Sampah pertama adalah sampah arsitektur, karena rancang bangun di wilayah DIY tidak mengadopsi arsitektur bergaya Yogyakarta. “Melainkan minimalis,” ujar Sumbo, dalam diskusi keistimewaan dengan tema "Ruang Publik DIY" di aula kantor Dinas Kebudayaan DIY, Selasa, 1 September 2015.
Baca Juga:
Kemudian ada sampah visual yang bertebaran di sepanjang jalan berupa papan-papan iklan komersial ataupun kampanye partai. “Biarkan ruang publik itu milik publik. Jangan jadi milik merek dagang dan partai politik,” katanya.
Ada pula sampah trotoar, yang kehilangan ruang terbuka hijau. Sampah kendaraan bermotor ditandai dengan kemacetan dan polusi. Serta sampah pedagang kaki lima yang banyak menggunakan area publik. “Persoalannya, itu dibiarkan karena perizinannya menggunakan konsep bijaksana dan 'bijaksini',” ujarnya.
Kepala Badan Perencanaan Pembangunan Daerah (Bappeda) DIY Tavip Agus Rayanto setuju dengan kritik Sumbo. Tapi, sebagaimana pejabat pemerintah, dia berkilah bahwa volume pertumbuhan penduduk dan kendaraan bermotor tak sejalan dengan luas ruang publik. Jumlah mobil meningkat lebih dari 10 ribu per tahun di DIY dan jumlah penduduk naik lebih dari satu persen per tahun. Sedangkan luas lahan berkurang 285 hektare per tahun akibat alih fungsi lahan. “Banyak sawah jadi tembok,” katanya.
Apalagi, ujar dia, kewenangan perizinan ada di pemerintah kabupaten dan kota. “Selama ini, DIY tak berdaya soal perizinan,” ucapnya.

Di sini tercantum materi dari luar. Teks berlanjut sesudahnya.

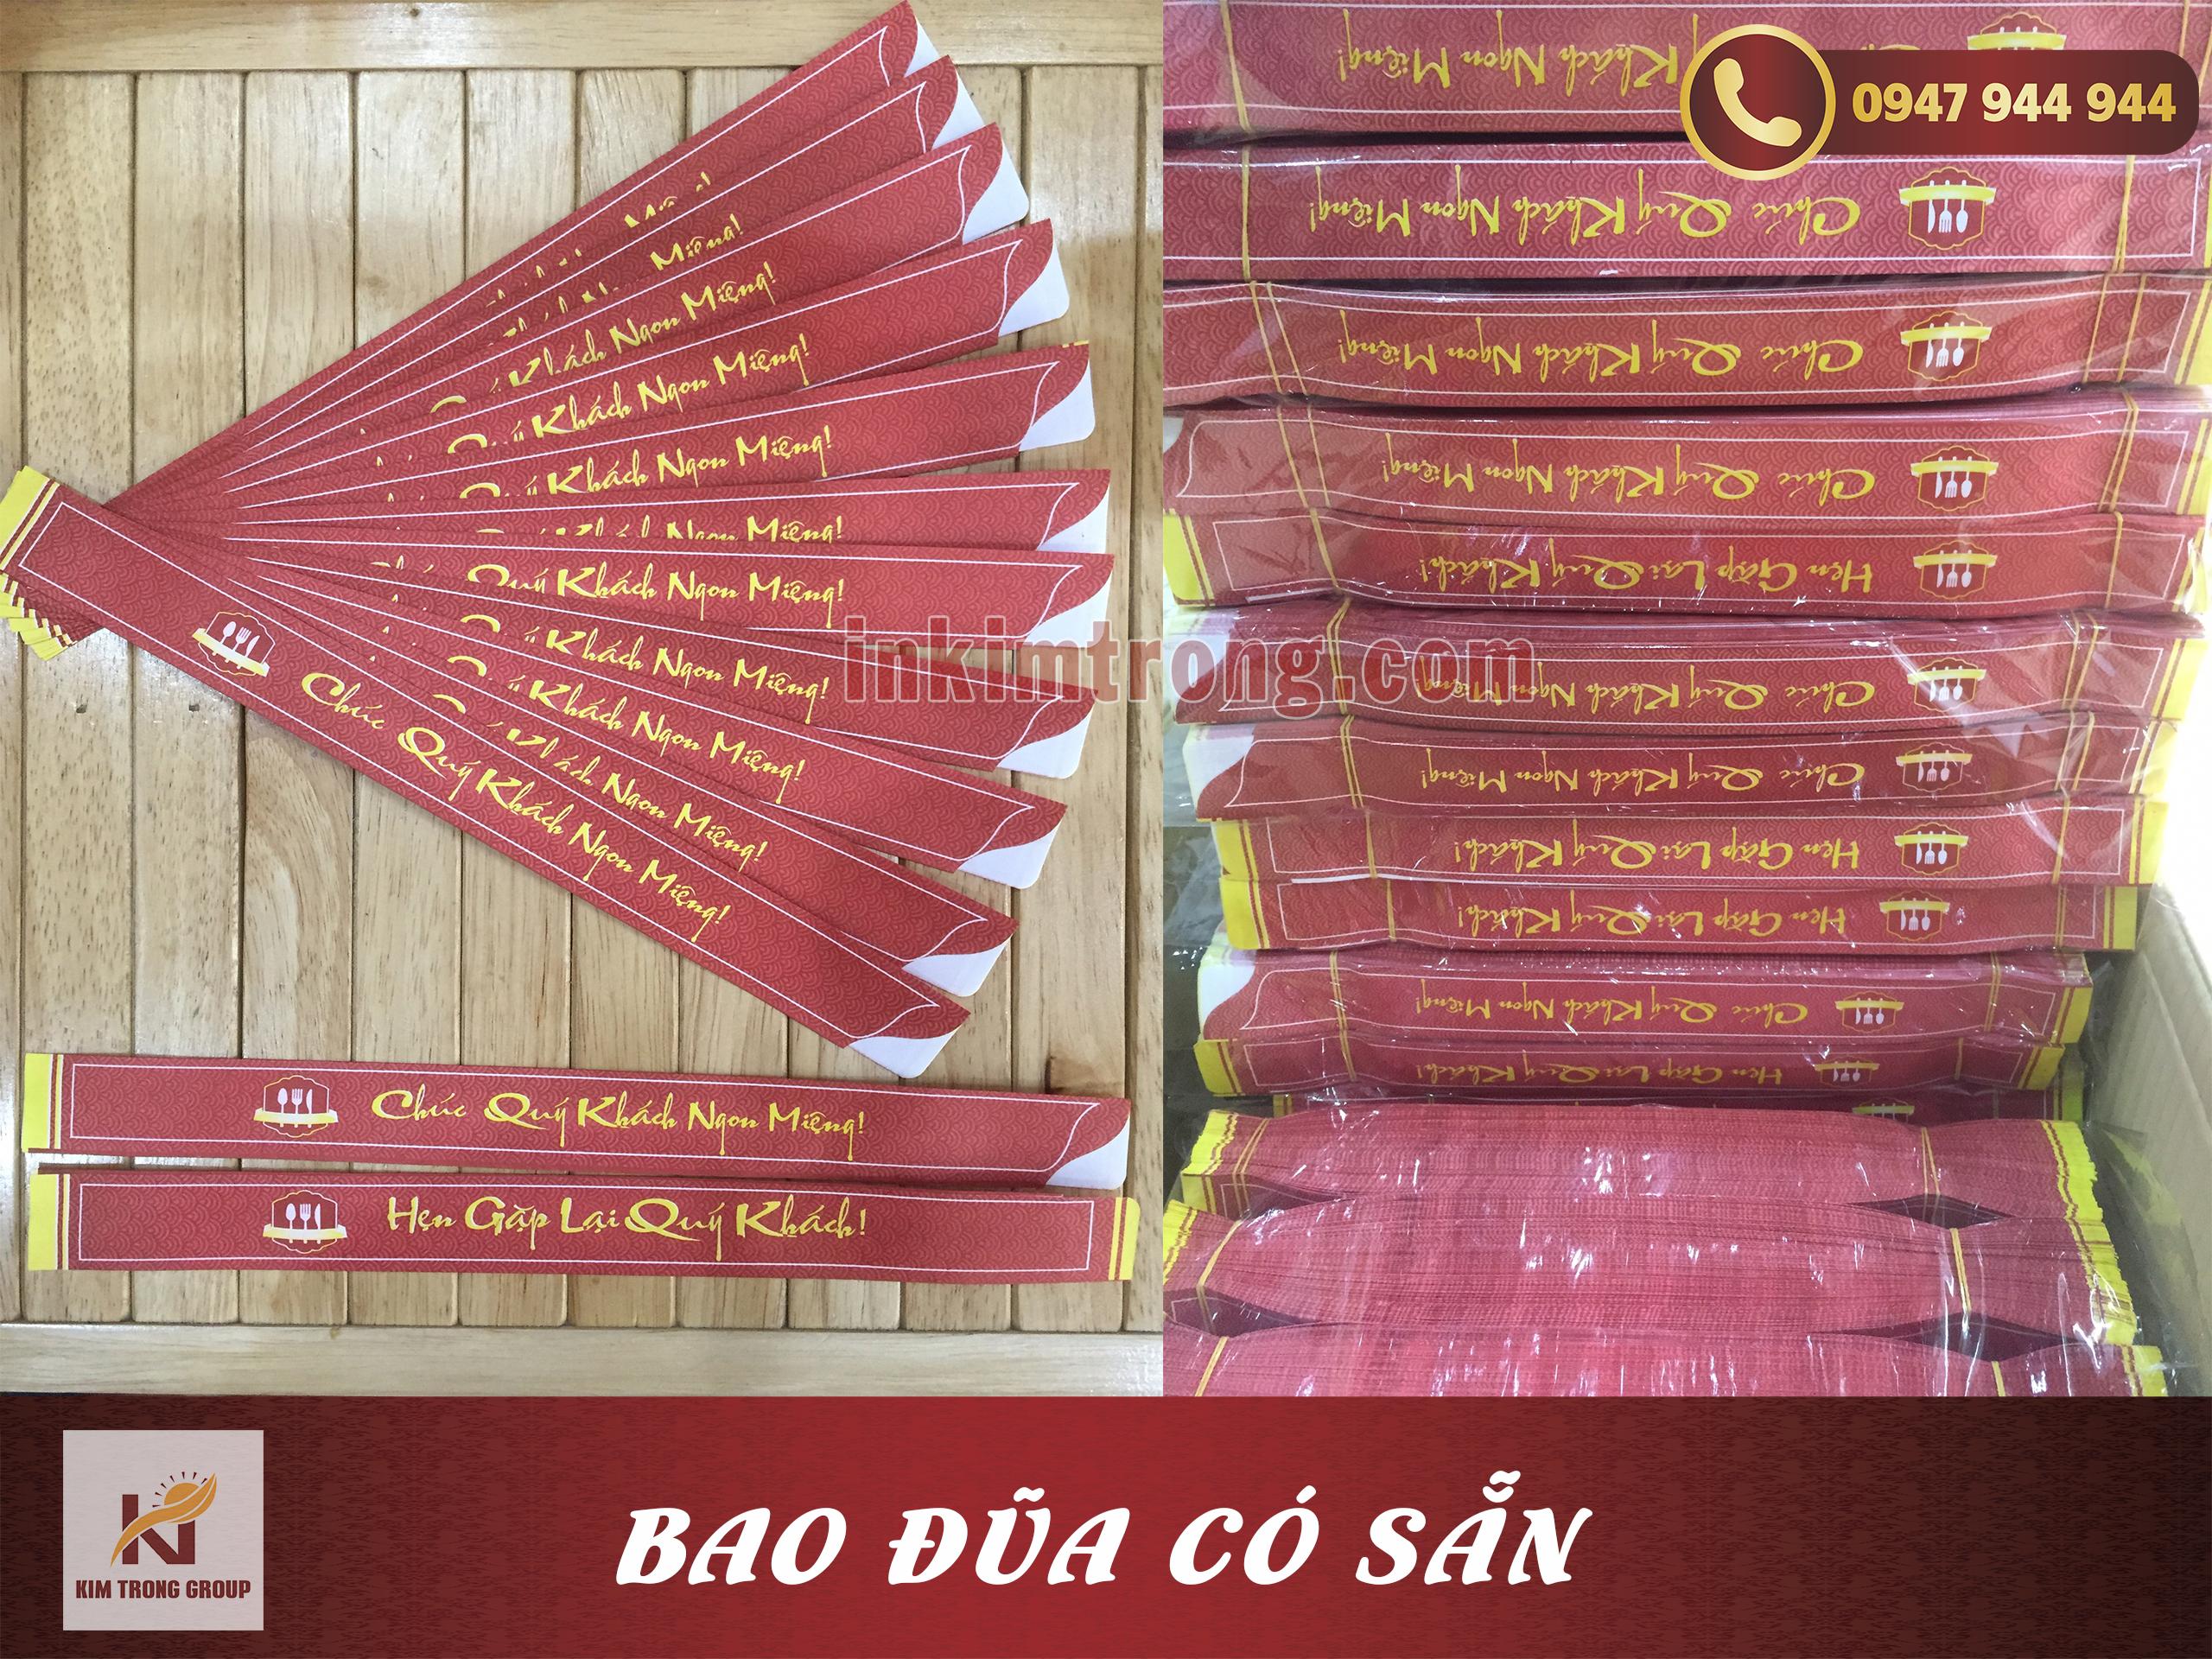 Bao đũa có sẵn đẹp rẻ

Tavip hanya bisa berharap, dengan konsep keistimewaan tata ruang yang diatur dalam Undang-Undang Keistimewaan DIY, penataan tata ruang tidak sebatas mengandalkan status keistimewaan, melainkan harus komplementer dengan aturan tata ruang nasional. “Biar tata ruang di Yogyakarta itu jadi role model tata ruang Indonesia,” tuturnya.
Salah satu gebrakannya, kata Tavip, meskipun perizinan berada di pemerintah kabupaten/kota, yang melakukan studi kelayakan adalah pemerintah DIY. “Jadi kalau enggak layak, ya izin enggak keluar. Itu upaya win-win solution-nya,” ujarnya. Tapi dia tak menjelaskan apa yang akan dilakukan pemerintah DIY jika pemerintah kabupaten/kota tetap memberi izin.